Hardwired Sensor Offline (Konnected / ESPHome)

Expected Causes

  • Board power loss
  • Wiring fault
  • Firmware issue

Required Behavior

  • Automations relying on that sensor must no-op
  • No “phantom occupancy”
  • No aggressive off actions

Notification Policy

  • Only if sensor remains offline beyond a defined duration
  • Operator-focused notification only

Severity

  • Single sensor: L1
  • Multiple critical sensors: L2

Wireless / Supplemental Sensor Failure

Expected Causes

  • Battery depletion
  • RF interference

Required Behavior

  • System ignores missing signal
  • No fallback to unsafe assumptions
  • No notifications unless safety-related

Severity

  • L0–L1

Lighting Failures

Automation Failure

Scenario

  • Lighting automation does not trigger

Required Behavior

  • Physical switches always work
  • No retries that cause flicker
  • No notifications

Severity

  • L0

Light Fails to Turn Off

Scenario

  • Missed occupancy clear
  • Sensor ambiguity

Required Behavior

  • Prefer leaving light on
  • User can manually turn it off
  • Automation backs off after manual action

Severity

  • L0–L1

Camera & Vision Failures

Required Behavior

  • No alerts unless explicitly safety-related
  • No repeated “camera unavailable” spam
  • Camera absence must not affect lighting or occupancy

Severity

  • Single camera: L1
  • Multiple critical cameras: L2 (operator-only)

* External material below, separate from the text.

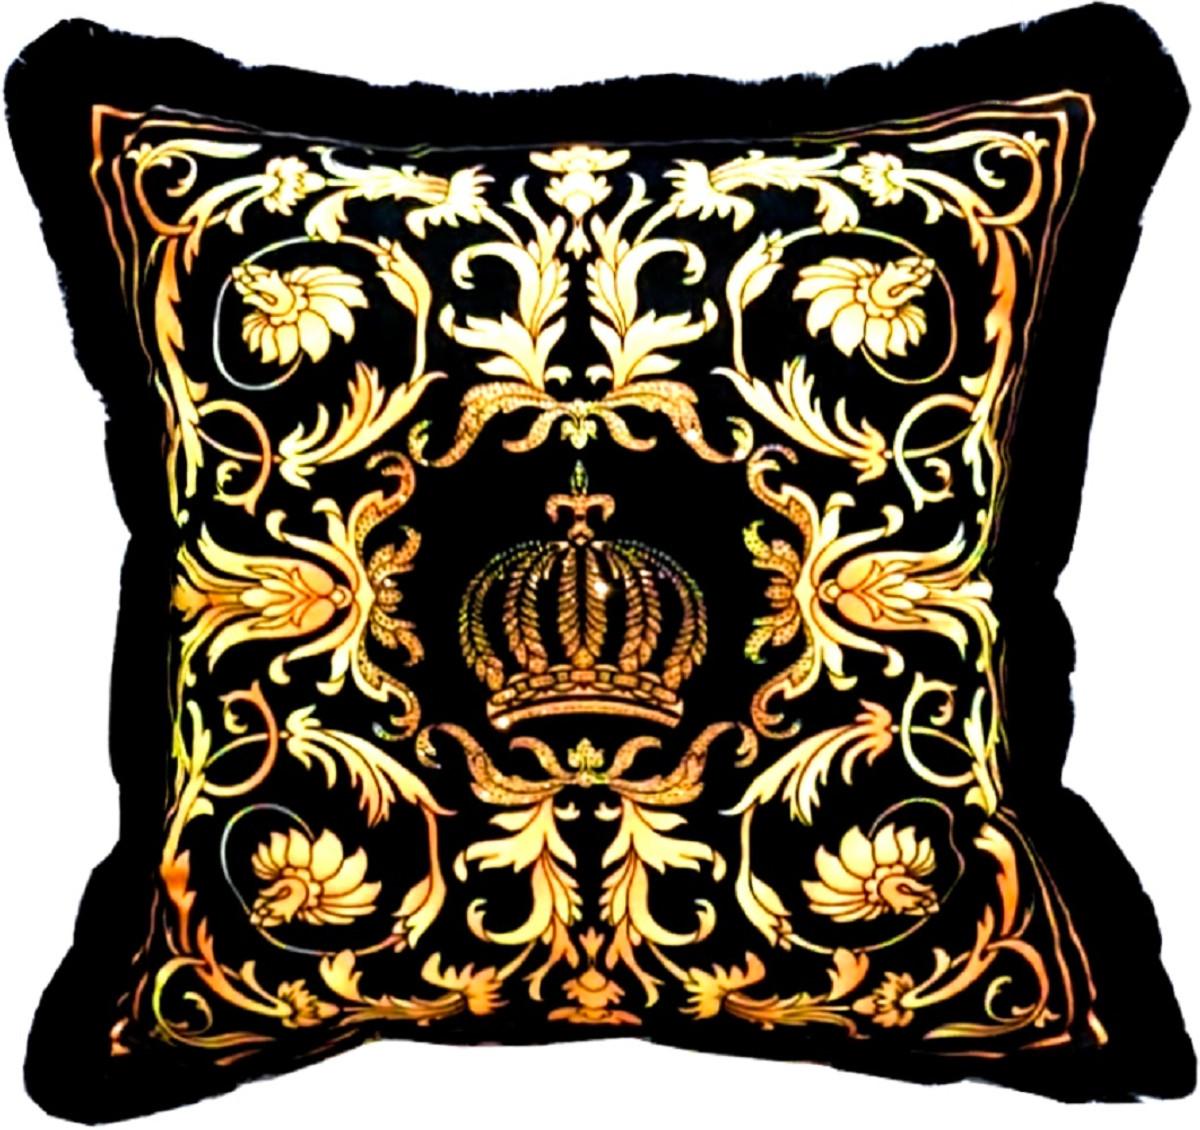 harald gloockler luxury decorative pillow pompoos by casa padrino black gold baroque pattern black 50 x 50 cm gloockler pillow with rhinestones
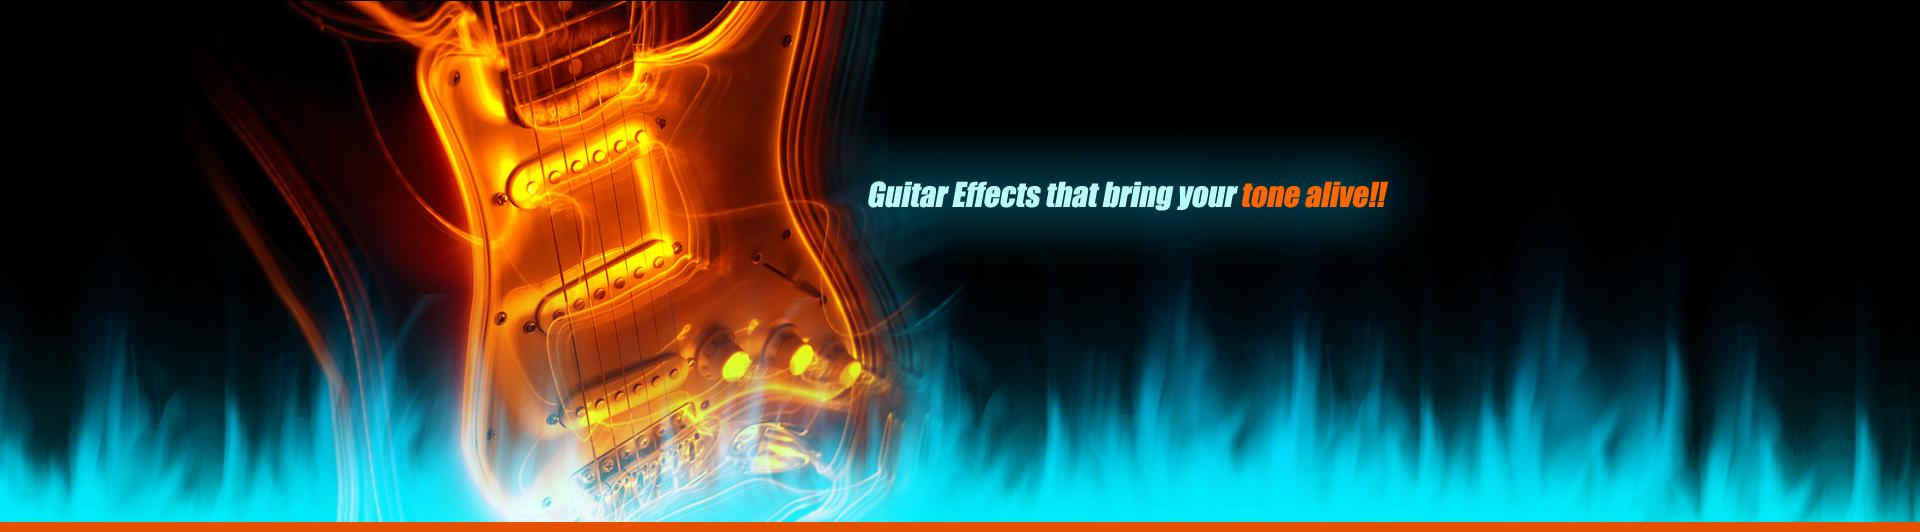 DLS_Effects2

AI Detection Failure (Frigate / TPU)

Scenarios

  • False negatives
  • False positives
  • AI service offline

Required Behavior

  • Default to silence
  • No motion-only alerts
  • Do not escalate uncertainty

Severity

  • L0–L1

Energy & Power Failures

Utility Power Outage

Required Behavior

  • If generator starts normally → no notification
  • If generator fails → actionable alert
  • Avoid repeated alerts during extended outage

Severity

  • Generator success: L0
  • Generator failure: L3

Solar / Inverter Data Loss

Required Behavior

  • Energy-based automations pause
  • Comfort is preserved
  • No notifications unless outage is abnormal

Severity

  • L1

Vehicle Integration Failures

Cloud API Failure (Tesla / Rivian)

Required Behavior

  • Vehicle state freezes gracefully
  • No retries that drain vehicle battery
  • No notifications

Explicit Rule Vehicles are never mission-critical.

Severity

  • L0–L1

Network Failures

Internet Outage

Required Behavior

  • All local automations continue
  • Lighting, sensors, cameras remain functional
  • No notifications unless safety-related

Severity

  • L0

LAN / Wi-Fi Degradation

Required Behavior

  • Wired systems continue unaffected
  • Wireless sensors may degrade silently
  • No cascading logic failures

Severity

  • L1

Ingress / Reverse Proxy Failures

Nginx Proxy Manager Down or Misconfigured

Expected Causes

  • Container crash, upgrade, or bad host config
  • Router forwarding to wrong internal port (e.g., 3000 instead of 80/443)

Required Behavior

  • Private services remain isolated (no host port exposure)
  • Operator can access HA via LAN IP + 8123 if needed
  • Restore by ensuring WAN 80/443 → NPM and services on nginx-proxy_default

Notification Policy

  • Operator-only alert (once), with clear remediation steps

Severity

  • L1

Open WebUI Accidentally Exposed on Host Port

Scenario

  • Container mapped 8080→3000 and router forwards external 80→3000

Required Behavior

  • Remove host port mapping and attach container to NPM network only
  • Validate reachability from NPM container by name and internal port

Severity

  • L1

Notification Failure Modes

Notification Delivery Failure

Required Behavior

  • Do not retry aggressively
  • Log locally
  • Avoid escalation unless safety-critical

Severity

  • L1

AI Coding Guardrails (Critical)

Any AI-generated change must:

  • Read and align with the Framework, Rules, Intent, Integrations, and this Failure Modes file before emitting code
  • Prefer deterministic, reversible automations; default to silence on uncertainty and notify only when actionable
  • Avoid adding new cloud dependencies, UI requirements, or exposed ports/credentials
  • Document one-sentence intent, failure mode, and cooldown/override for every automation; avoid hidden coupling
  • Ship incrementally (observe → assist → full), with safe rollbacks and operator-visible diffs

If a proposed change violates these guardrails, it must be rejected or redesigned.